TASK TO CARRY OUT: The goal is a clean copy of all the data below, with pictures dropped and everything else retyped exactly.
-- SOURCE DATA follows --
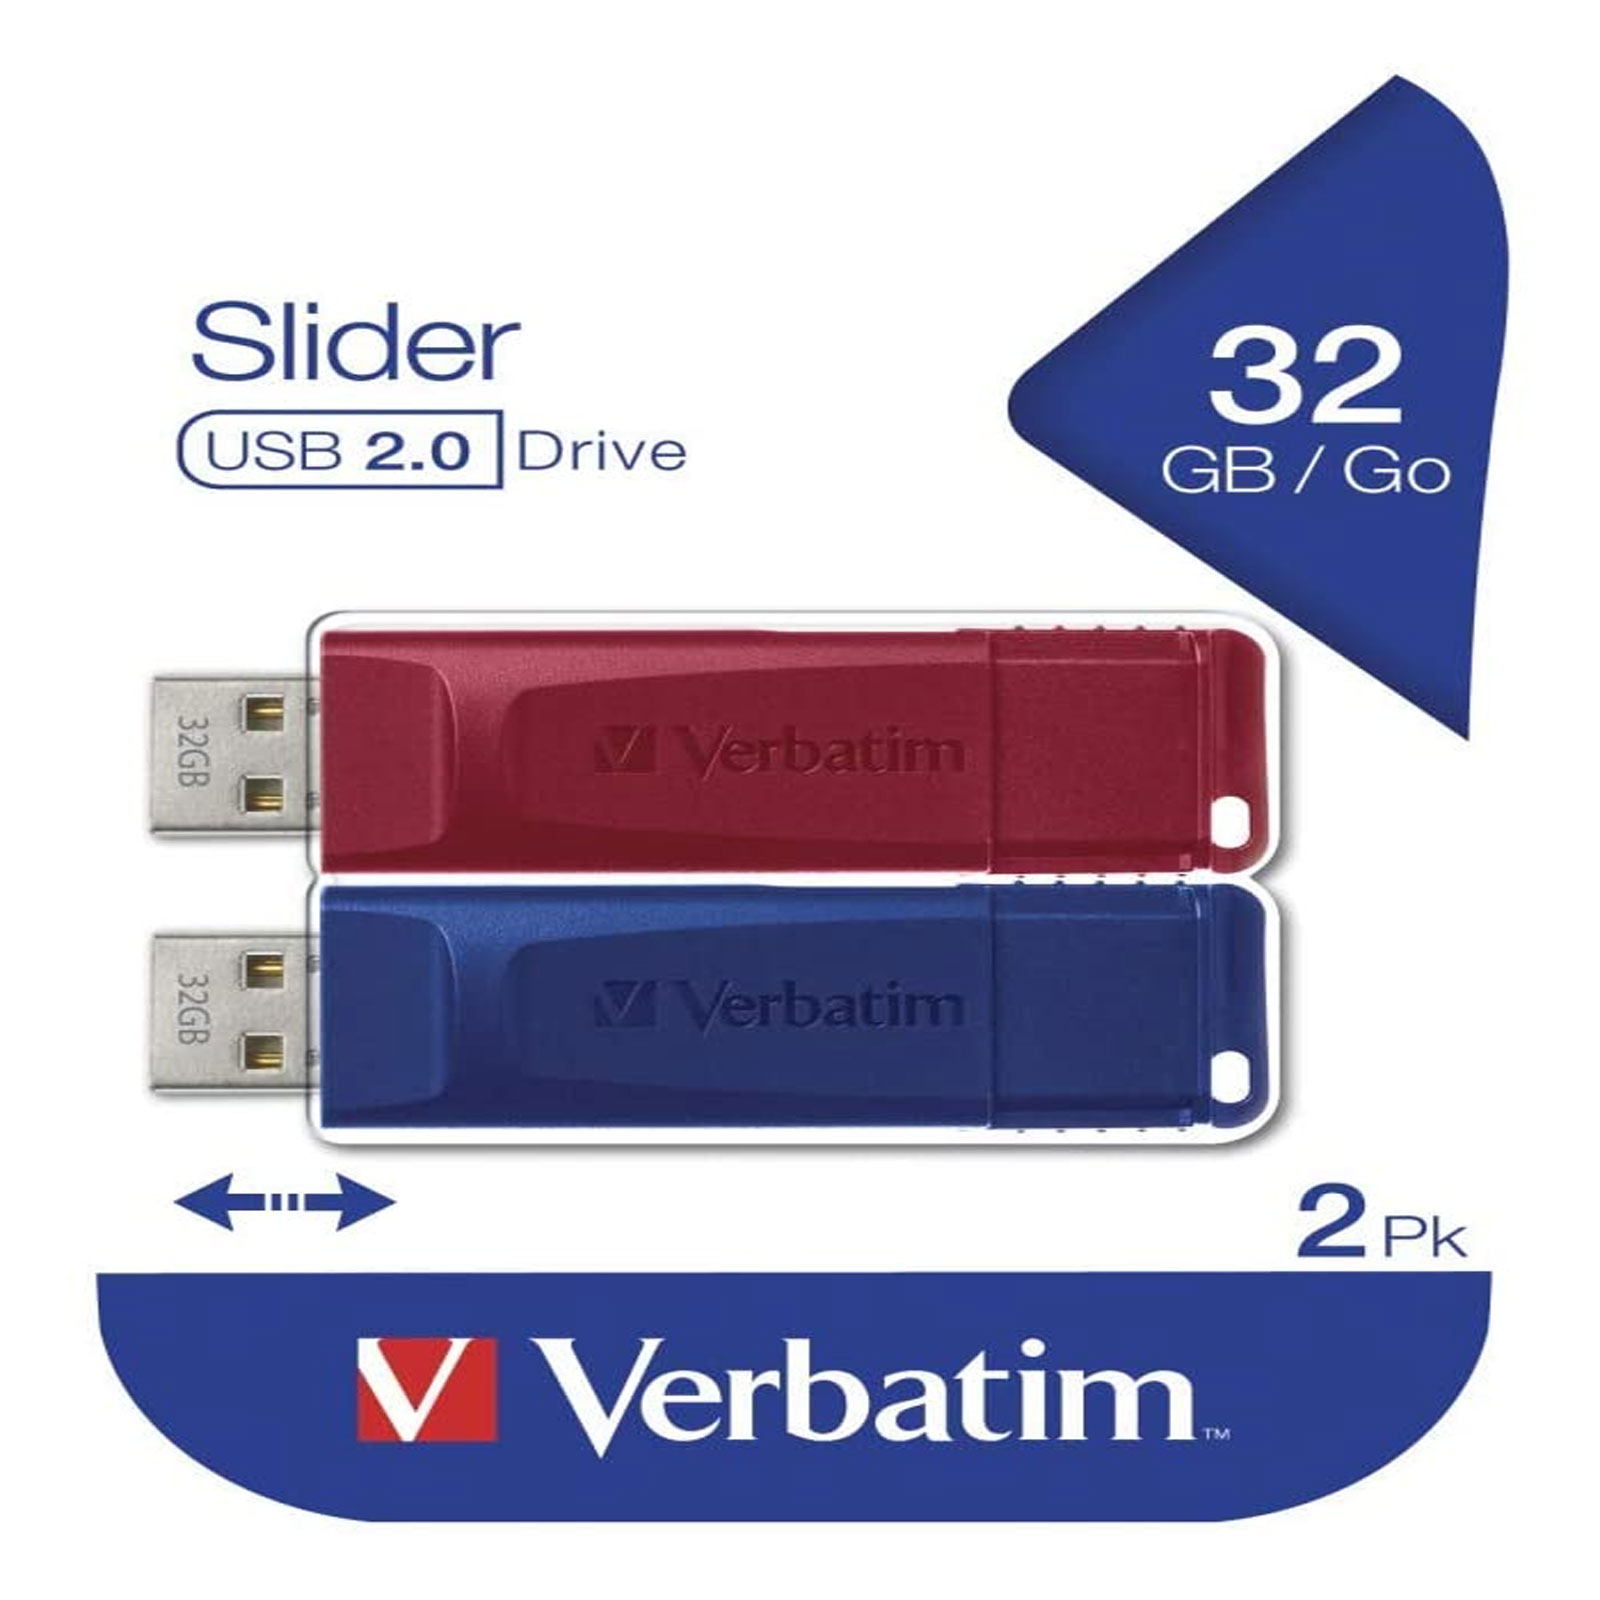 Verbatim Slider USB 2.0 32GB 2er Pack
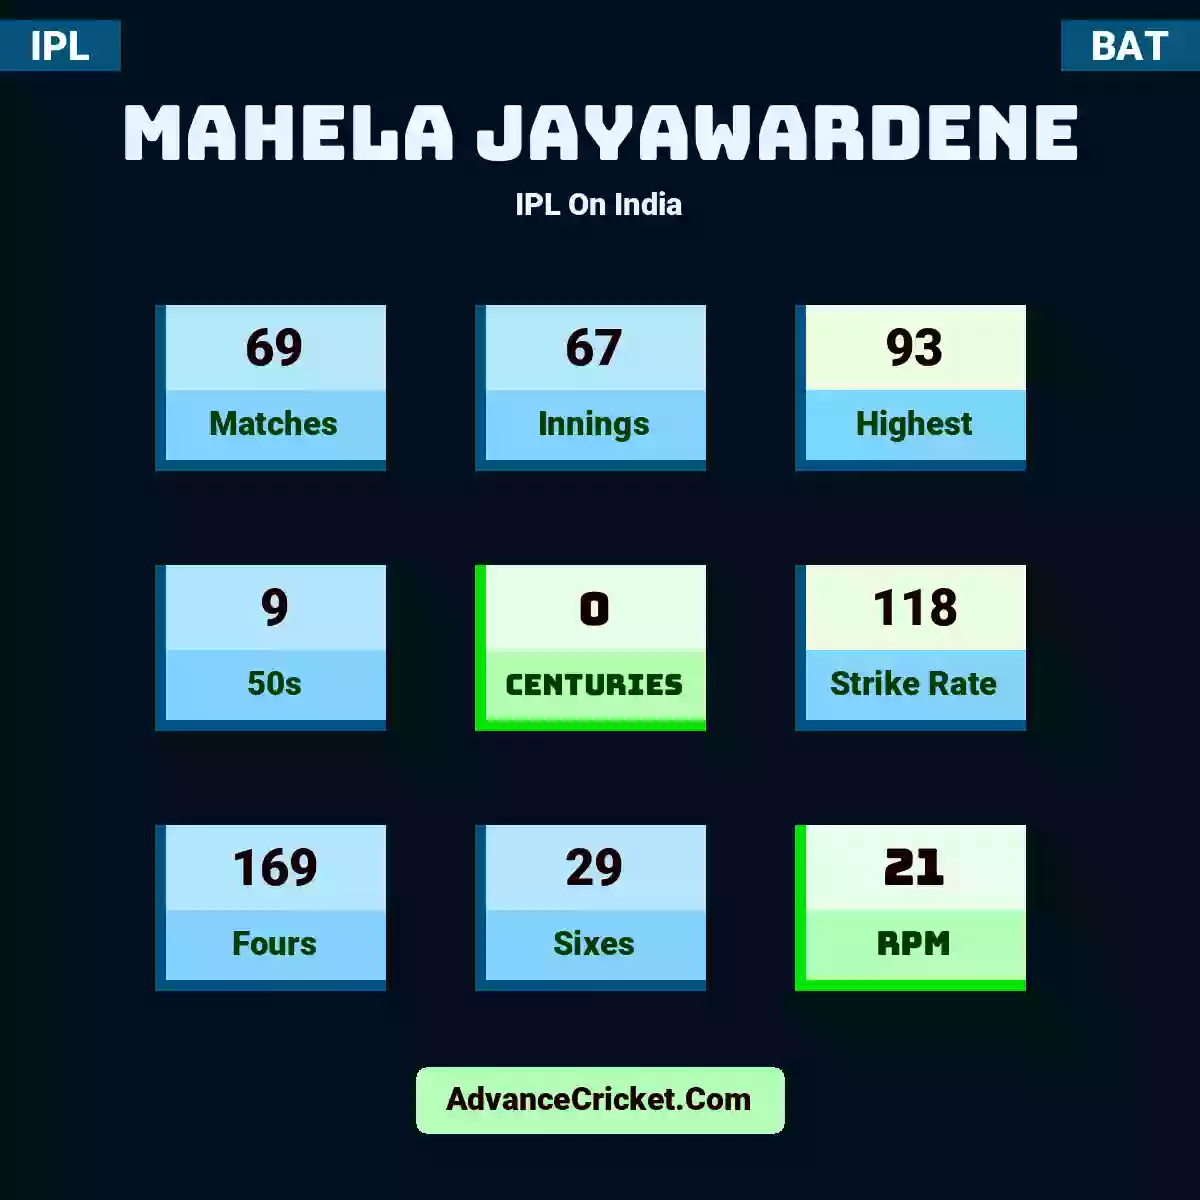 Mahela Jayawardene IPL  On India, Mahela Jayawardene played 69 matches, scored 93 runs as highest, 9 half-centuries, and 0 centuries, with a strike rate of 118. M.Jayawardene hit 169 fours and 29 sixes, with an RPM of 21.
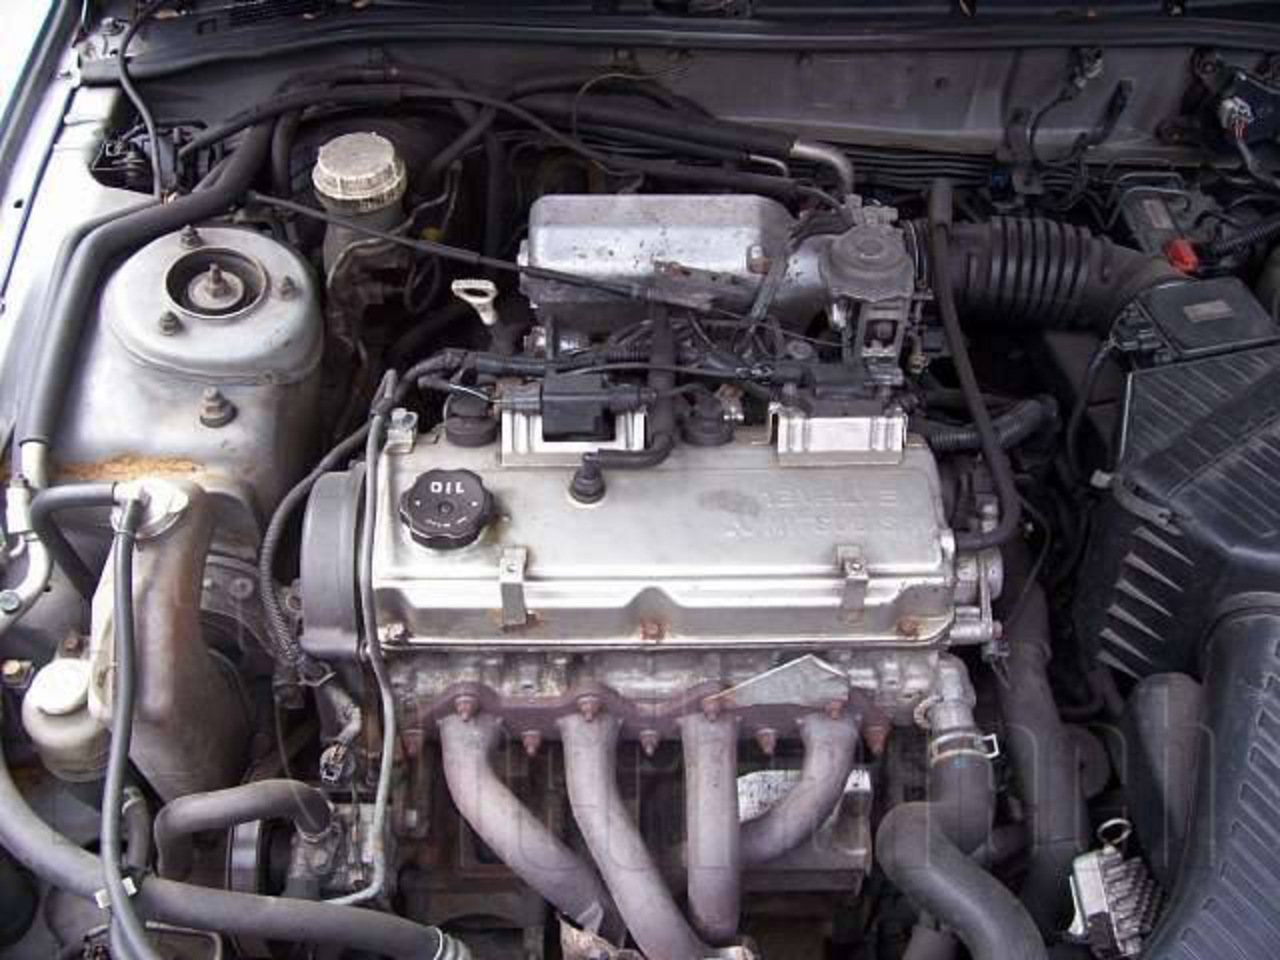 Двигатель мицубиси галант. Мотор Mitsubishi Galant g 4 63. Двигатель 4g63 Mitsubishi Galant. Мотор 2.4 Митсубиси Галант. Митсубиси Галант 8 2.4 мотор.
-- SOURCE DATA concluded --
RESPONSE:
 Verbatim Slider USB 2.0 32GB 2er Pack
 Mahela Jayawardene IPL  On India, Mahela Jayawardene played 69 matches, scored 93 runs as highest, 9 half-centuries, and 0 centuries, with a strike rate of 118. M.Jayawardene hit 169 fours and 29 sixes, with an RPM of 21.
 Двигатель мицубиси галант. Мотор Mitsubishi Galant g 4 63. Двигатель 4g63 Mitsubishi Galant. Мотор 2.4 Митсубиси Галант. Митсубиси Галант 8 2.4 мотор.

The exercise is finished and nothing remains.